Conclusions We performed here a comprehensive analysis of WES data as a tool for identifying large genomic deletions in patients with IRDs. Our analysis indicates that large deletions are relatively frequent (about 10% of our WES cohort) and should be screened when analysing WES data.
- Clinical genetics
- Vision research
- inherited diseases
- retinal degeneration
- whole exome sequencing
Statistics from Altmetric.com
Mendelian diseases in humans can be caused by a variety of different mutation types with missense, nonsense, splice-site and small insertions/deletions being the most common ones. It is relatively straightforward to identify such mutations using classical sequencing techniques. Other mutations, and mainly genomic rearrangements or copy number variations (CNVs), require different detection strategies. Amplification of the DNA of an individual who is heterozygous for such a deletion will result in the amplification of the wild-type allele only leading to a mistakenly concluding result. In special cases, dedicated methods have been developed for the identification of such heterozygous deletions, with multiplex ligation-dependent probe amplification and CNV arrays being the most commonly used. It is therefore reasonable to assume that the current estimated fraction of large deletions (about 7.5%—12 565 out of 166 768 mutations, http://www.hgmd.cf.ac.uk/ac/hahaha.php and ref. 1, 2) is an underestimation.
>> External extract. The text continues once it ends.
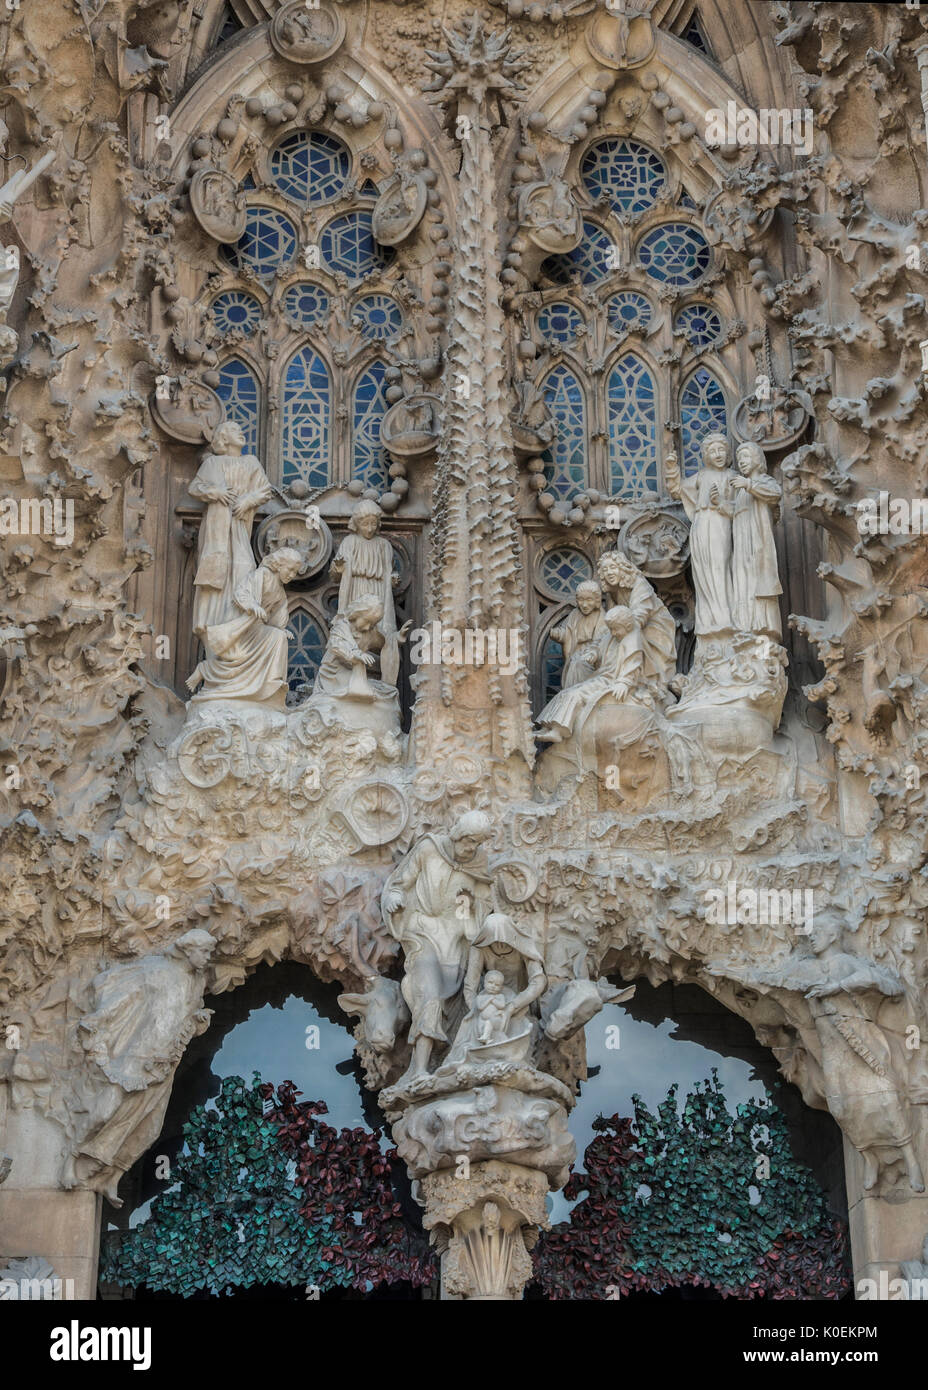 Sculpture de l'Adoration de la nativité de Jésus sur l'extérieur de la Basilique de la Sagrada Familia à Barcelone, Espagne Banque D'Images

During the last 5 years, whole exome sequencing (WES) has become a powerful and versatile tool for the identification of various disease-causing mutations.3–6 Its efficacy is especially augmented over gene-by-gene Sanger sequencing and the candidate gene approach7 in genetically heterogeneous diseases such as retinitis pigmentosa (RP) and congenital hearing loss. However, WES analysis fails to detect mutations in many families with hereditary diseases and an average detection rate of only 50–60% has been reported in various conditions.8 Moreover, WES analysis is not efficient for the identification of large deletions as a function of its design, mainly since the traditional WES analysis schemes are designed to identify single-nucleotide variations or those involving a few bases only. Large deletions are not detected by this analysis and one needs to manually inspect exon coverage data of a suspected gene aiming to identify such large deletions.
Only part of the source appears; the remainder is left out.